Board had a volume printed on dried pasta held together by steel bolts.
A collection I particularly admire—I wrote about it in A Gentle Madness—was the brainchild of the late Fred J. Board of Stamford, Conn. A resourceful man who collected miniature books and guides published by the WPA’s Federal Writers Project, Board also collected a bibliographical mélange under the general rubric of “oddities.” To be fair, the idea was not of Board’s own invention—the endeavor was inspired by Bookman’s Bedlam, a 1955 book written by Walter Hart Blumenthal. Board bought Blumenthal’s collection en bloc and then augmented with his own additions. Still, he took it to such bold new heights that the concept pretty much became his alone.
Among Board’s treasures was a book shaped like the state of Georgia, an atlas 5' 9" long, tomes salvaged from sunken ships, books bound in skin (human and otherwise), a volume printed on purple paper. He had a volume printed on dried pasta held together by steel bolts, and another still that opened like an accordion. Board owned several hundred of these oddities, all of which had something to say not only about the people who conceived them, but about the person who saw merit in assuring their preservation. “The beauty about my collection is that it’s endless,” Board told me. “There’s no bibliography, there are hundreds of curious things in the world, and I’m the one who decides what is strange and unusual.”
I guess what I like most about this kind of dynamic is its subjectivity, a quality I sensed immediately in a recent exhibition at the Boston Public Library, “Covering Photography: Imitation, Influence and Coincidence,” a show of books collected by professional photographer Karl Baden, an art instructor at Boston College. The books shown in 17 display cases at the public library represent only a fraction of the 2,500 Baden has collected over the past 30 years; and you might say they’re merely a sideline to his main collection. (Baden wrote about his principal pursuit, the history of photography, in a “How I Got Started” piece for the January/February 2007 issue of FB&C.) But as kindred spirits to the collections of George Arents and Fred Board, they’re of uncommon interest to me.

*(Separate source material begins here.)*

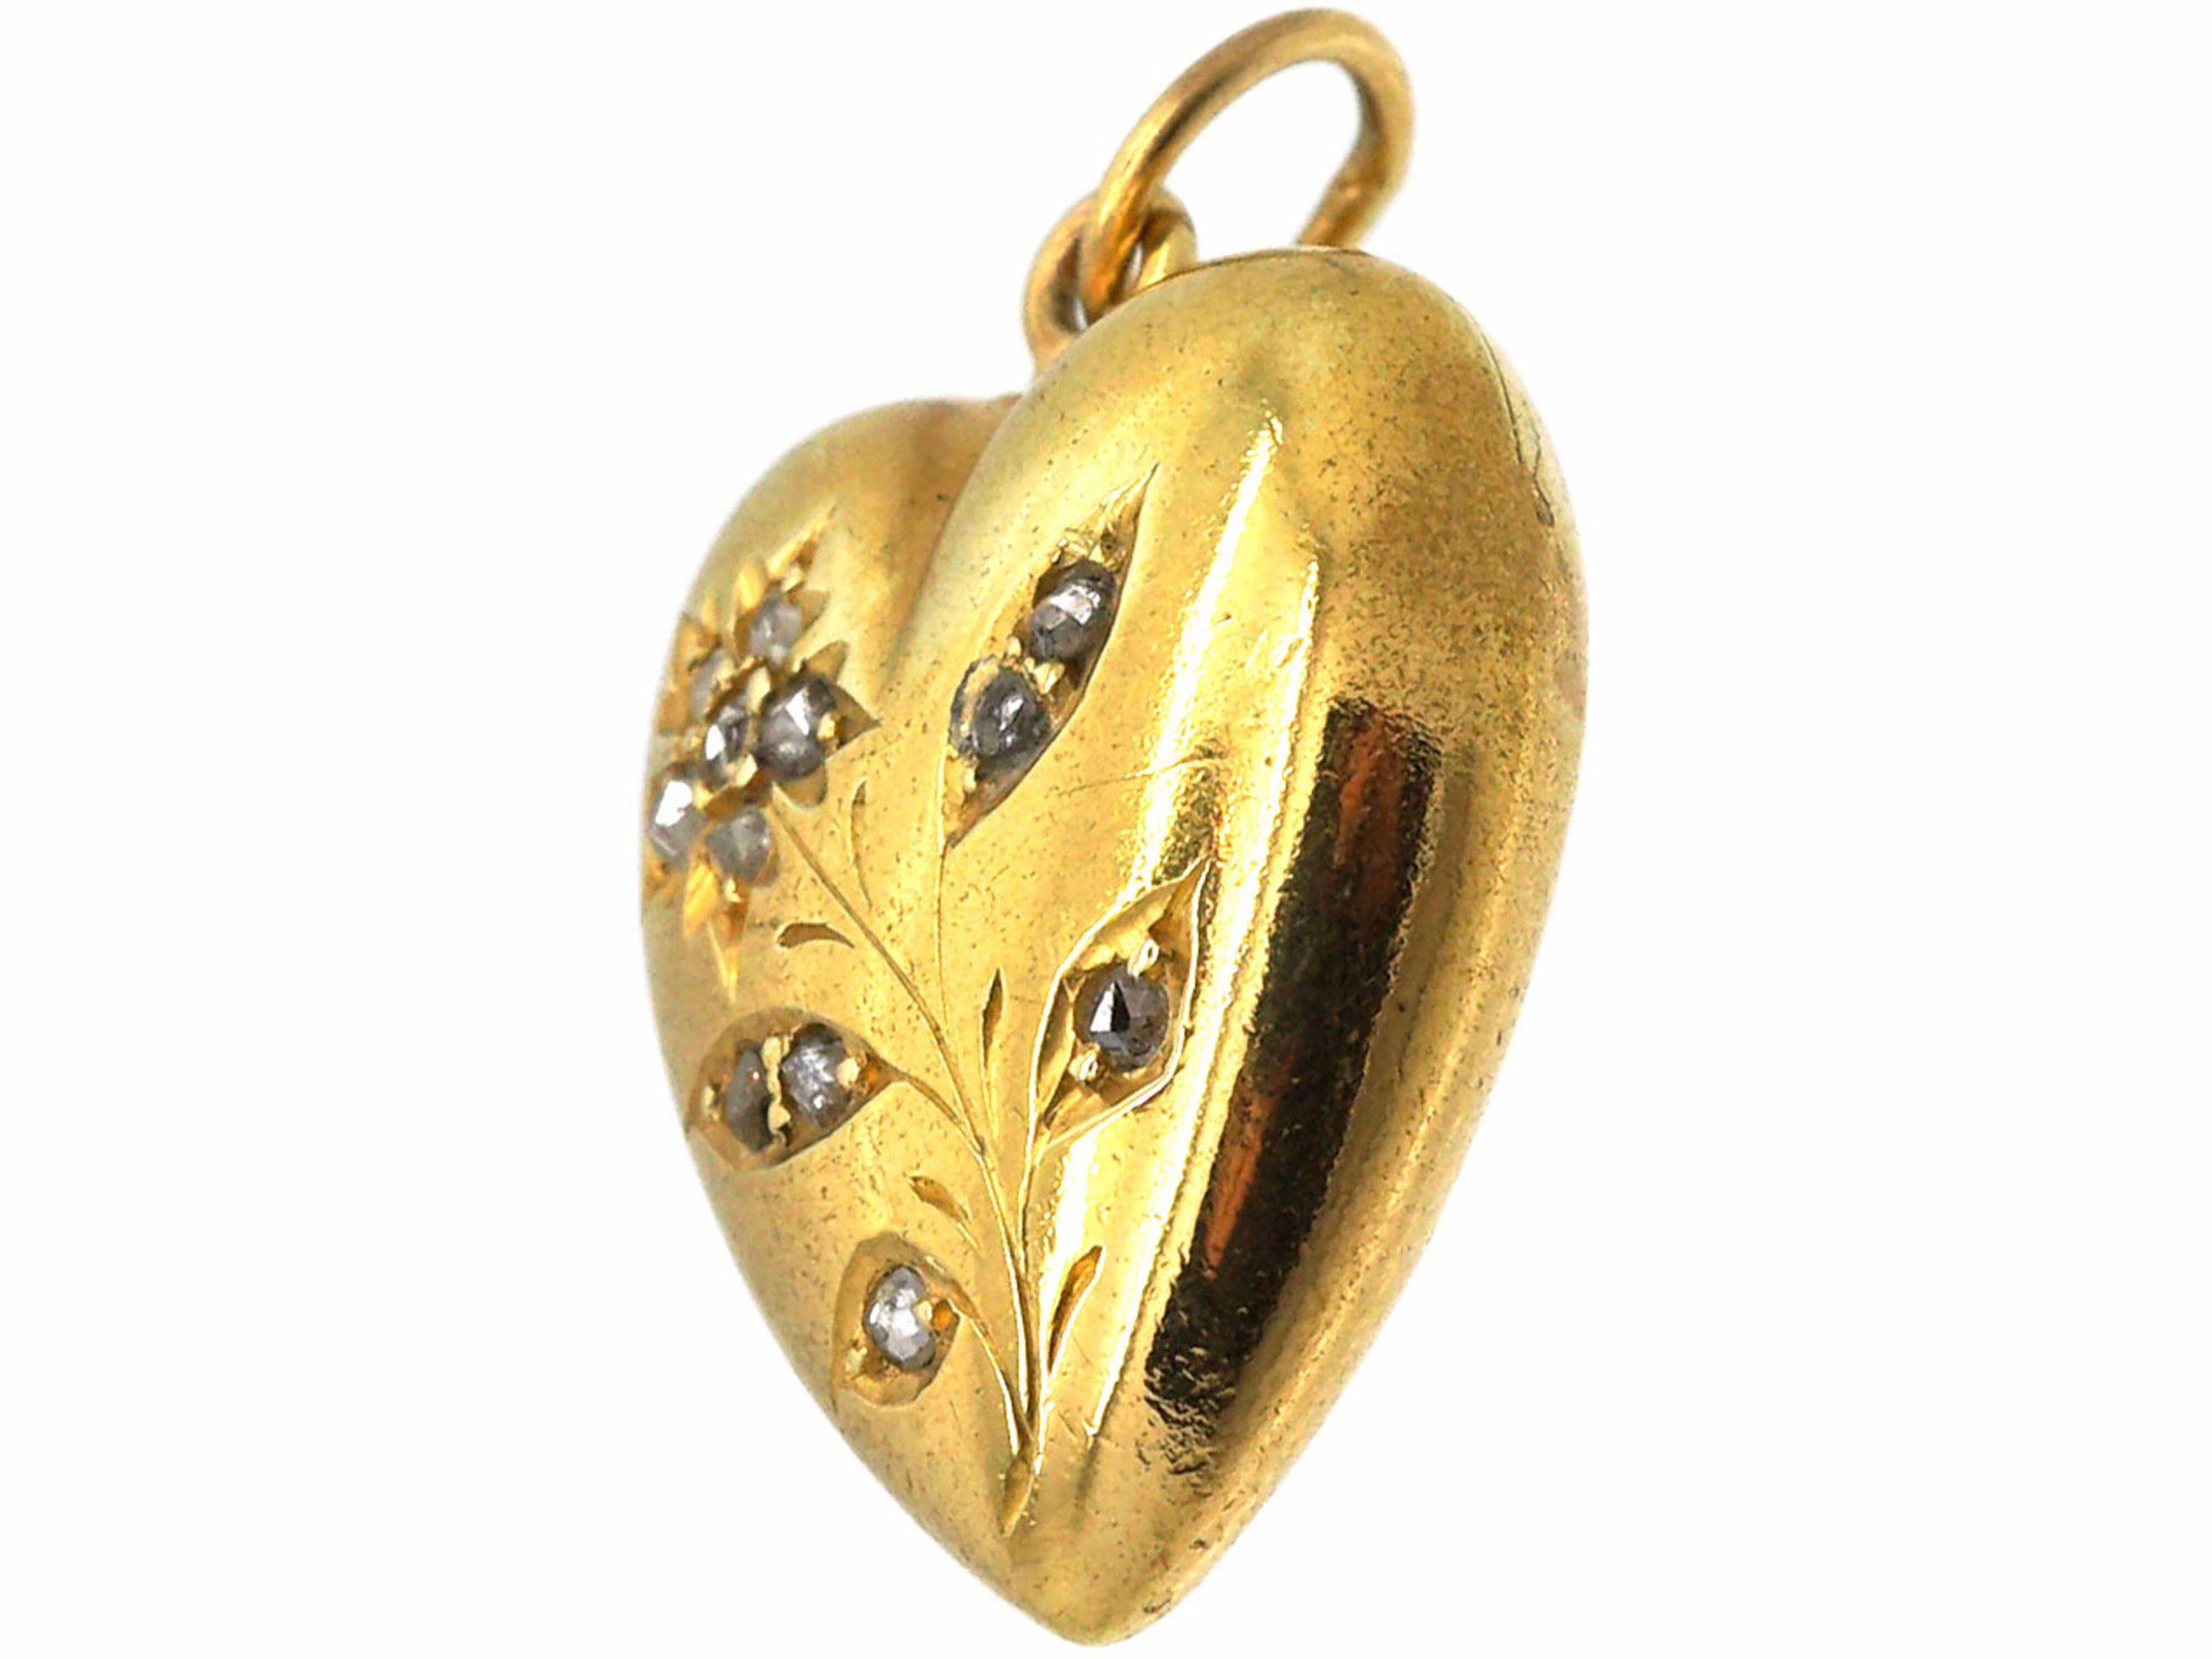 Edwardian 15ct Gold Heart Shaped Pendant with Rose Diamond Set Flower Motif

The object of Baden’s passion in this case is not the books’ content, but the distinctive jackets that adorn them. “The books,” Baden explains in the online introduction to the exhibition, “are not here because of their content; they are here because of their covers: storyline, subject matter—everything that takes place between the covers is, for the purposes of this show, secondary, if not incidental.” The Boston exhibition—which will travel later this year to Syracuse University, where Baden, 56, earned an undergraduate degree in 1974—included 57 books with jacket art that either used outright, or through what he calls imitation, influence or coincidence, representations of photographs by such masters as Man Ray, Dorothea Lange, Walker Evans, and Henri Cartier-Bresson. (For those interested in knowing more about the complete collection, Baden has a website that is fully searchable by photographer, author, publisher, publication date, and designer; he also posts, on a regular basis, “covers of the month,” one of the more recent installments, photos from the Depression.
“Because of my profession, I am interested in the history of photography, and I have collected that rather thoroughly,” Baden told me in a recent interview. “I began the other collection as a derivative pursuit, mainly because I really enjoy the thrill of the hunt. One of my rules of collecting is that I do not buy these books on the Internet. I know that if I want a certain book, I can find it online, but for me, as a collector, it’s about thinking actively, it’s about looking for something that gets passed up. This sideline collection allows me to do that, because I have to know it when I see it. When you pick one of these books up out of the pile, you realize that it has some sort of value. That’s what I enjoy. I never pay more than a couple dollars for any of these, and I have paid as little as ten cents.”
The way the process works is fairly straightforward, Baden continued. “I’ll look at a book, and say, ‘That looks like an Ansel Adams photograph.’ Sometimes the covers are very similar to famous photographs, and sometimes they are an actual re-doing of a photograph in another medium, a restaging. To cite one example: there is a very famous photograph taken in Times Square by Dennis Stock for Magnum that clearly inspired the cover art for the hardcover edition of John McEnroe’s autobiography, You Cannot Be Serious. There’s no doubt it’s meant to reference that photograph—so you ask yourself, why? To make this kind of collection work, needless to say, have to know the original photographs. That’s where I get my edge.”